The monastery complex covers approximately 17000 m2 and consists of the katholikon, two smaller churches (dedicated to the Holy Cross and to St Panteleimon) the dining hall (trapeza), the monks' cells (kelia), the reception hall or "triklinon", and an underground water cistern (kinsterna). The complex is surrounded by a wall (the original Byzantine wall was destroyed in 1822), and in the northeastern corner stands a defensive tower, in earlier times used as a library. In addition, outside the walls, near the monks' cemetery, there is a small chapel to St Luke.

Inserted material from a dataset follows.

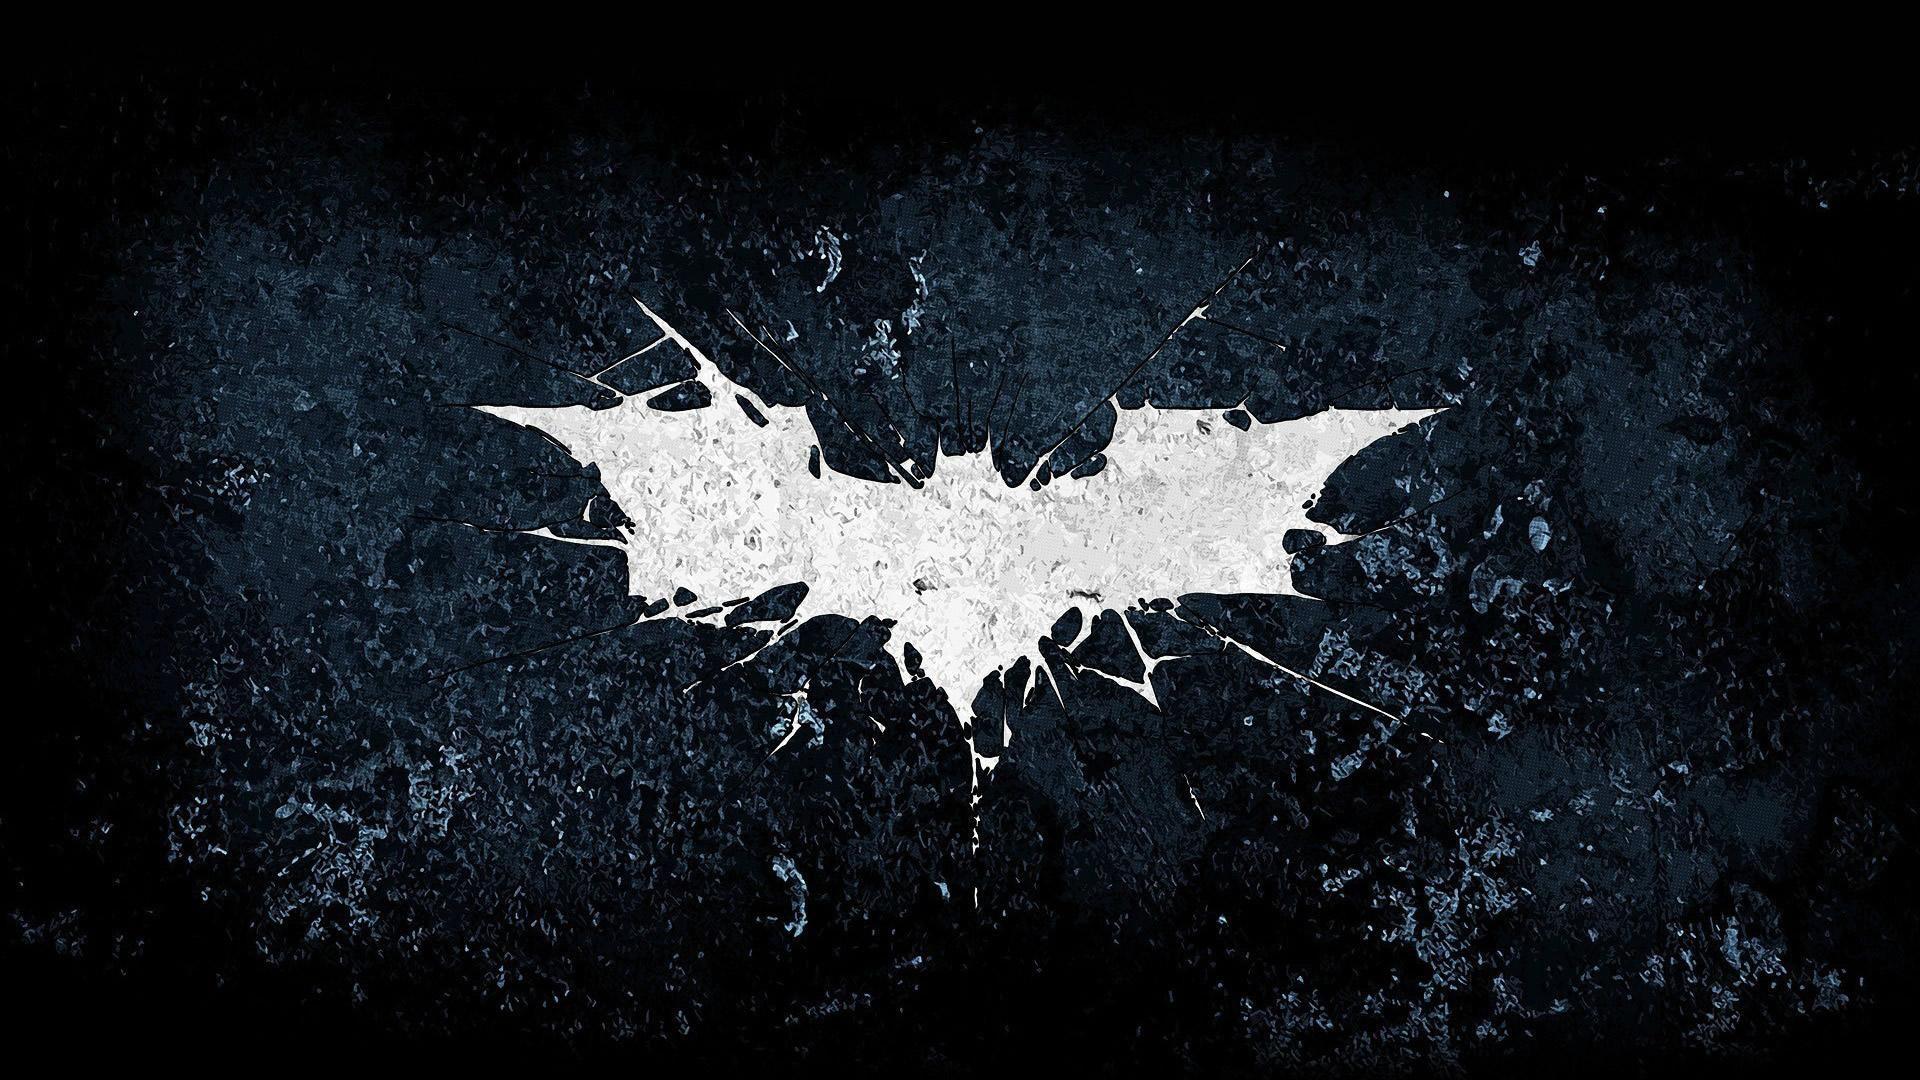 Batman Sign 1080p Hd Wallpaper Widescreen With Images Dark Knight Wallpaper Dark Wallpaper Black Hd Wallpaper

The katholikon is the monastery's central structure, dedicated to the Dormition of the Virgin Mary. It is composed of the main church, the esonarthex and the exonarthex. The main church is of an octagonal shape, the so-called "insular" type, found in Chios and Cyprus. Although all three sections date to the 11th century, the main church suffered significant damage in 1822 and 1881, with the result that its current, rebuilt, form is different from the original. The bell tower was constructed in 1900, replacing an older one built in 1512. Originally, the remains of the three founders were kept in the exonarthex, but most of these were destroyed during the sack of 1822.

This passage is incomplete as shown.